** Data follows **

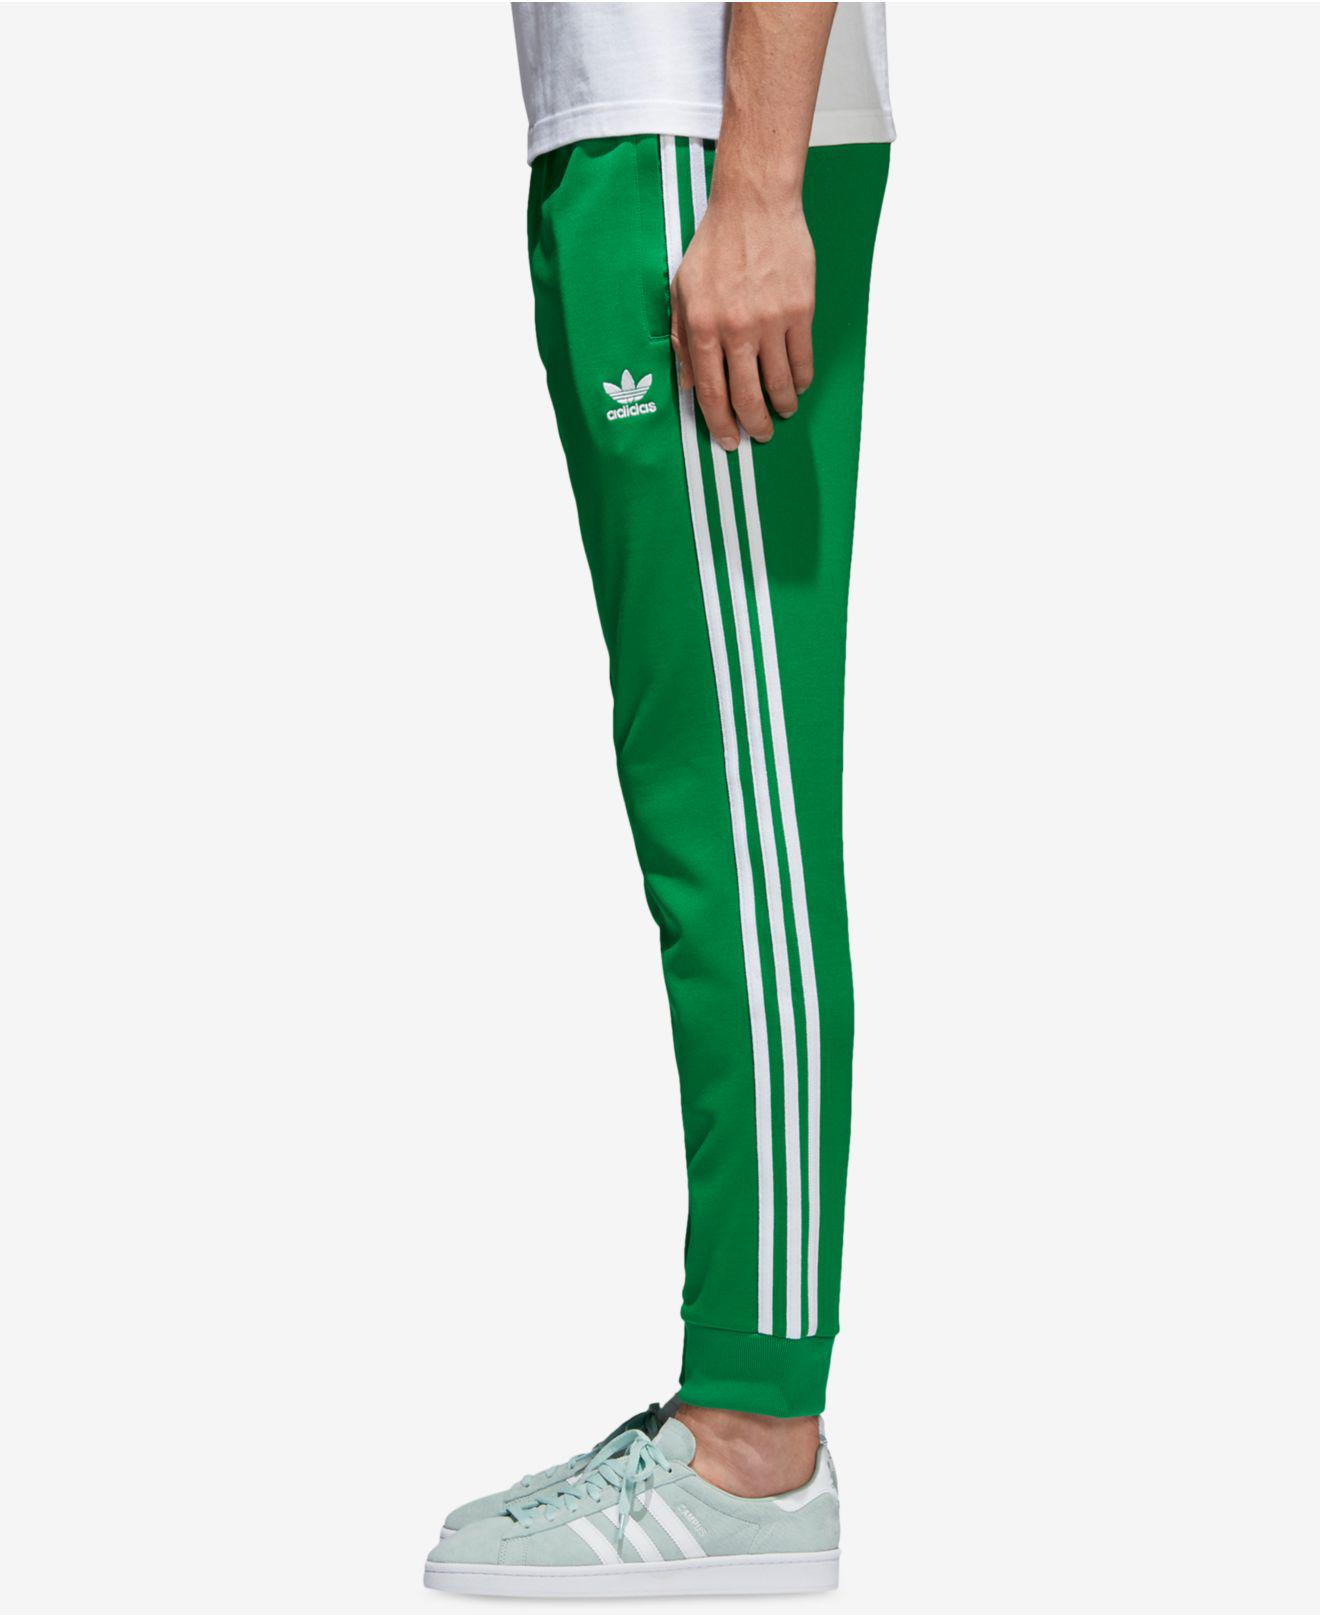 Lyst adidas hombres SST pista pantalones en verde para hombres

** End of Data **
** Data follows **

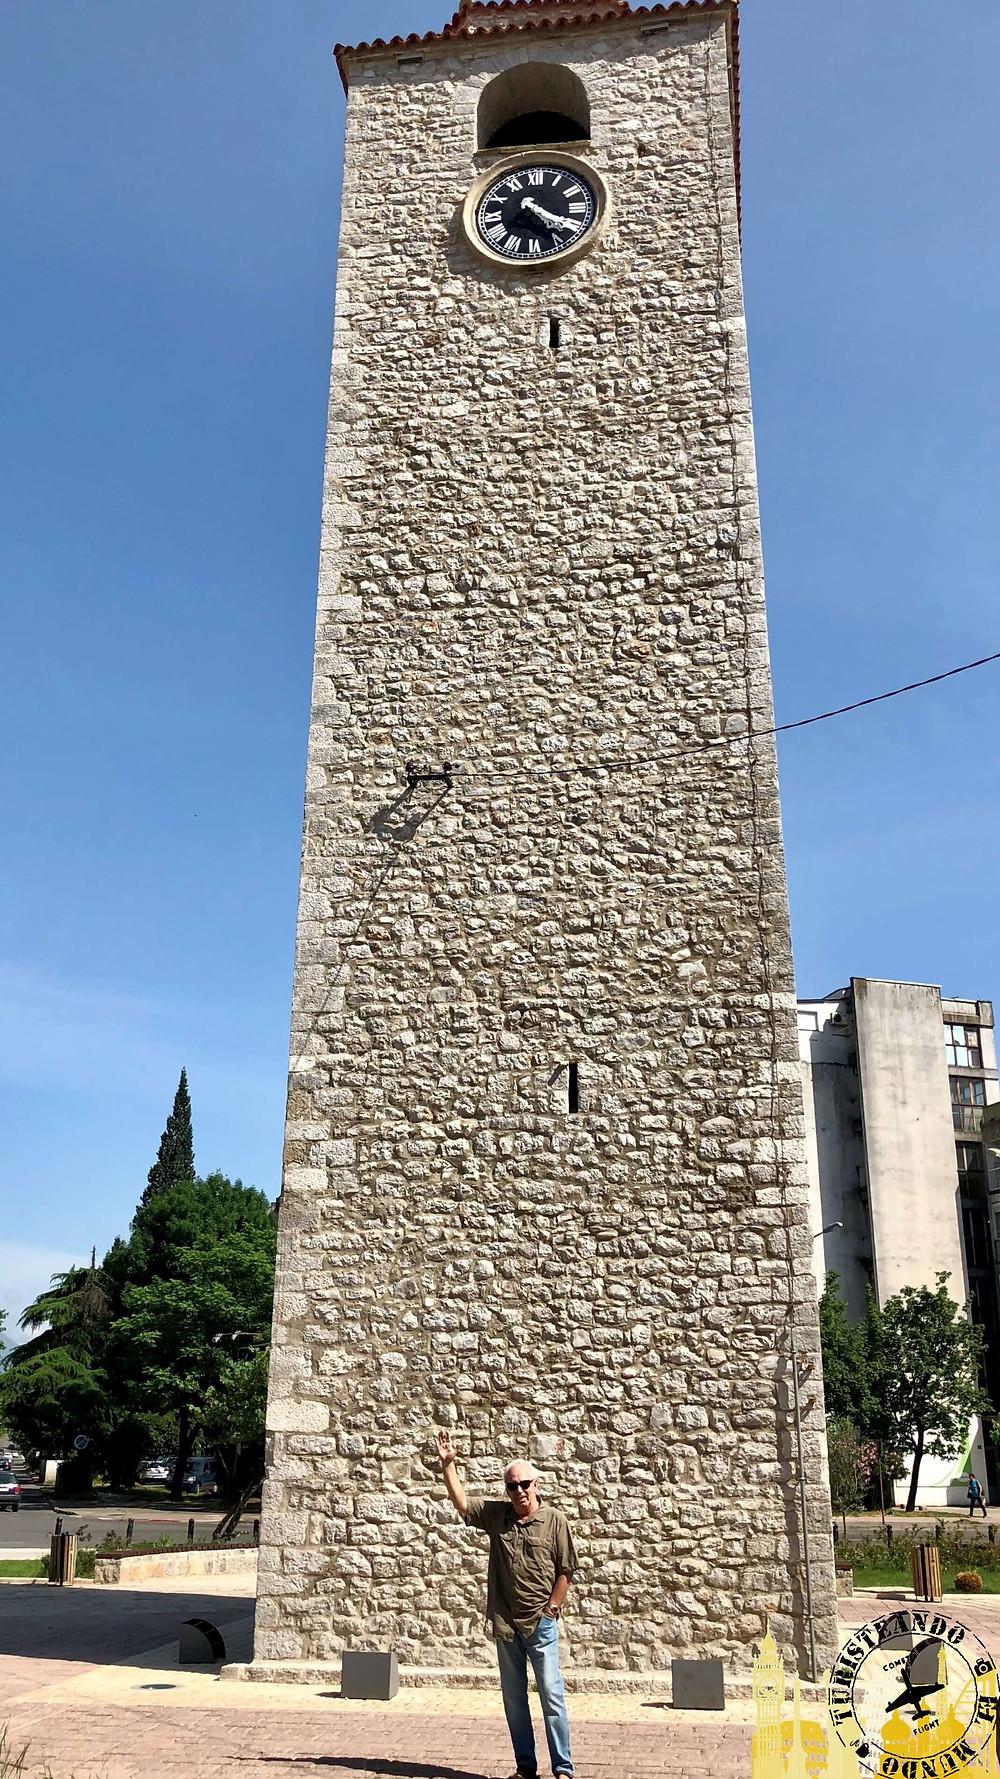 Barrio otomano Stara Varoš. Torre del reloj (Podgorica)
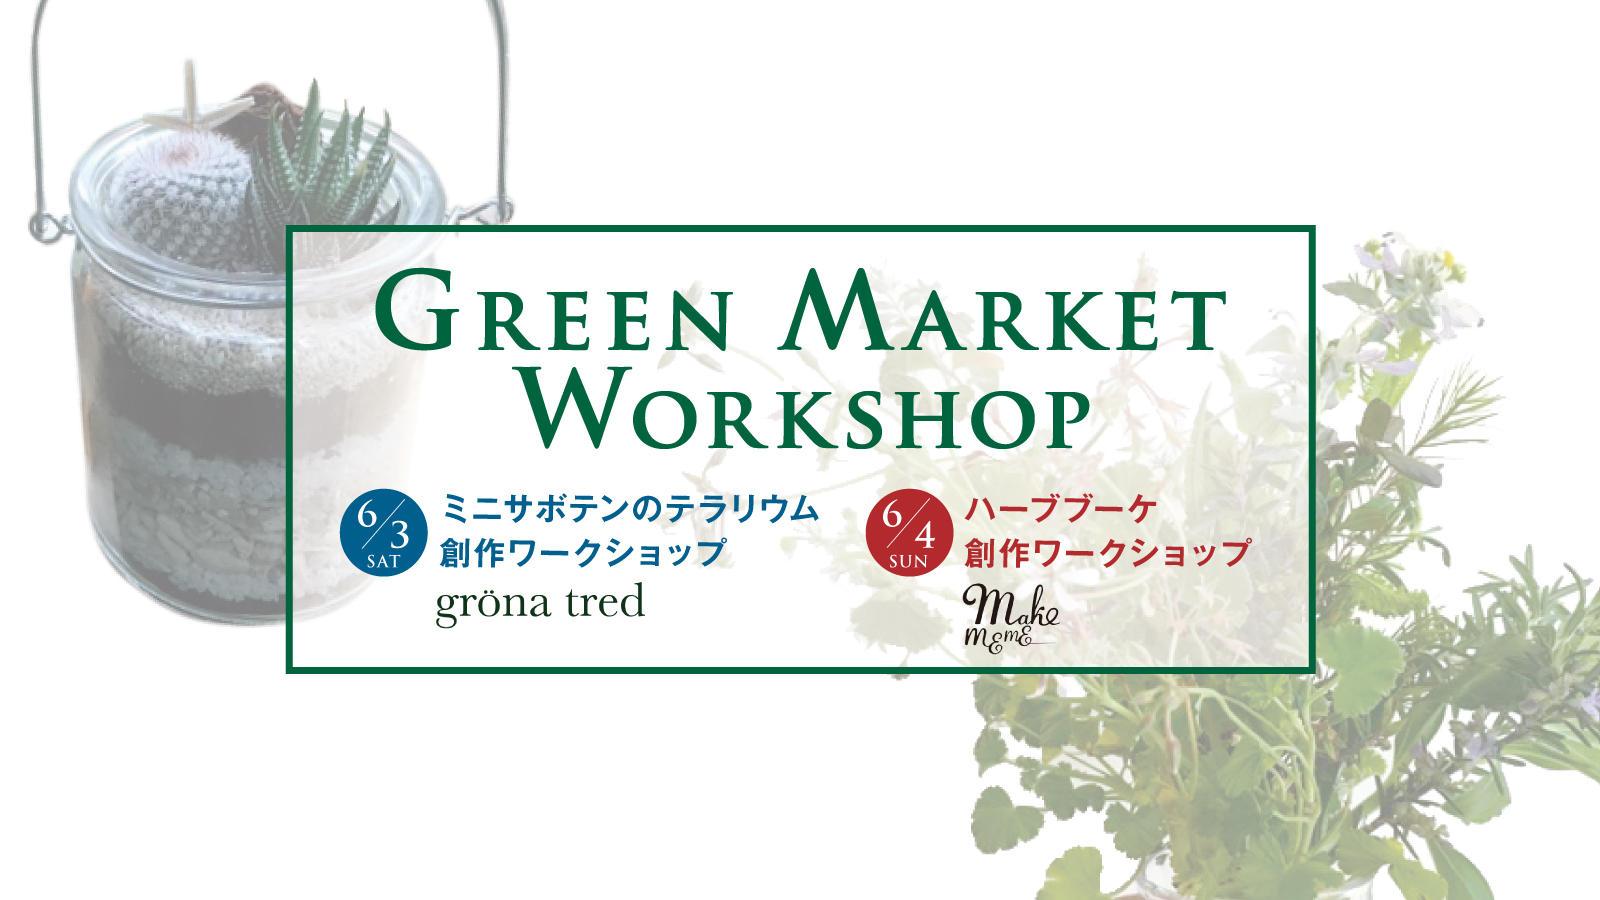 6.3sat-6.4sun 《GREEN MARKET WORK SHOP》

** End of Data **
** Data follows **

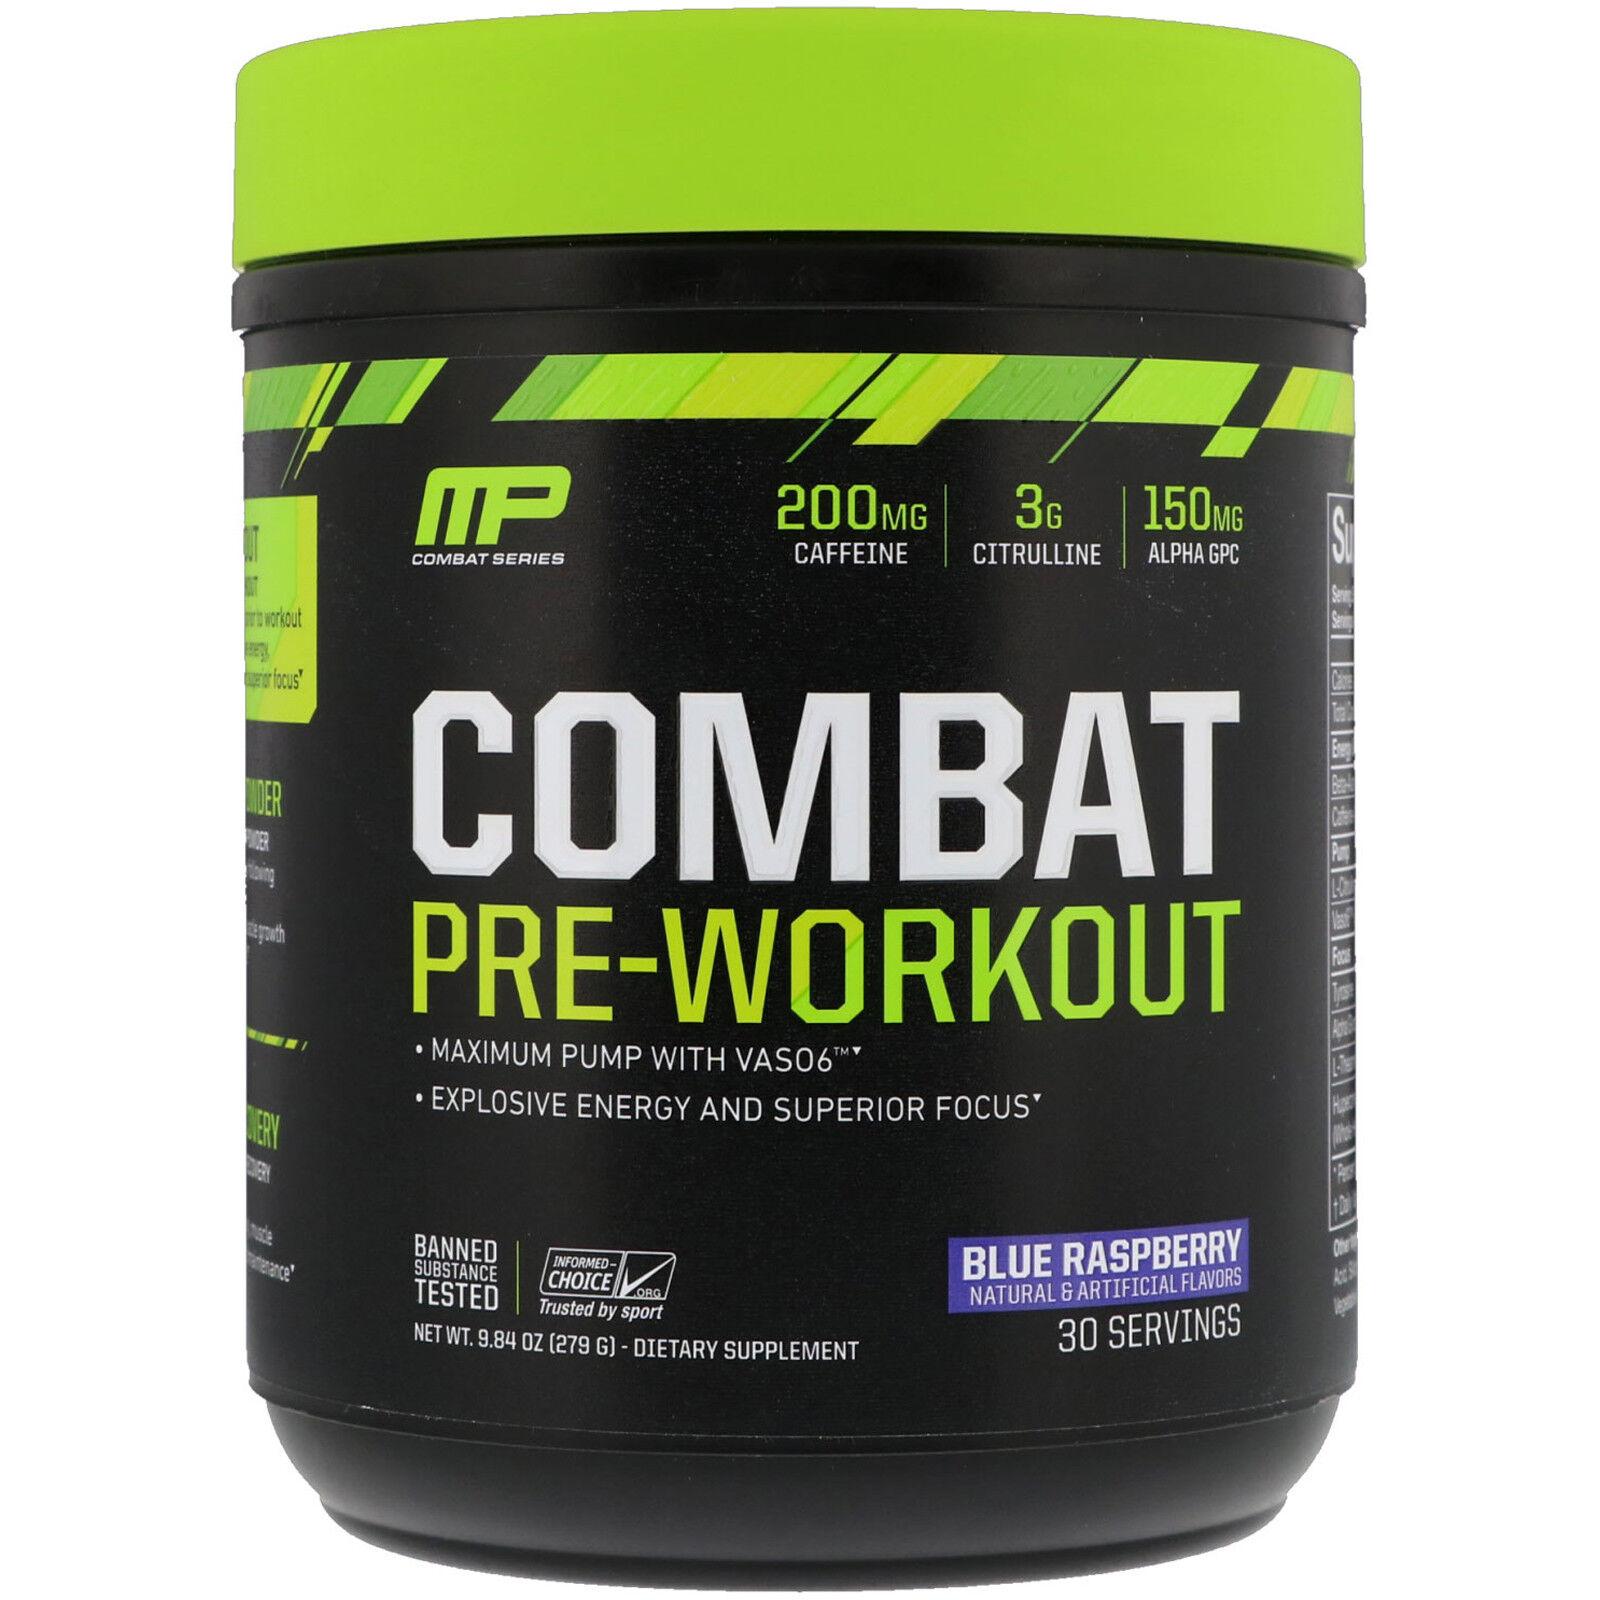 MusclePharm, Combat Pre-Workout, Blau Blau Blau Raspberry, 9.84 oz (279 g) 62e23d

** End of Data **

[What is being asked]
Your answer should be the exact lines above from the one containing "Barrio otomano Stara" through the one containing "6.3sat-6.4sun 《GREEN MARKET WORK SHOP》", with both end lines kept and the pictures removed, please.

[Output of the task]
 Barrio otomano Stara Varoš. Torre del reloj (Podgorica)
 6.3sat-6.4sun 《GREEN MARKET WORK SHOP》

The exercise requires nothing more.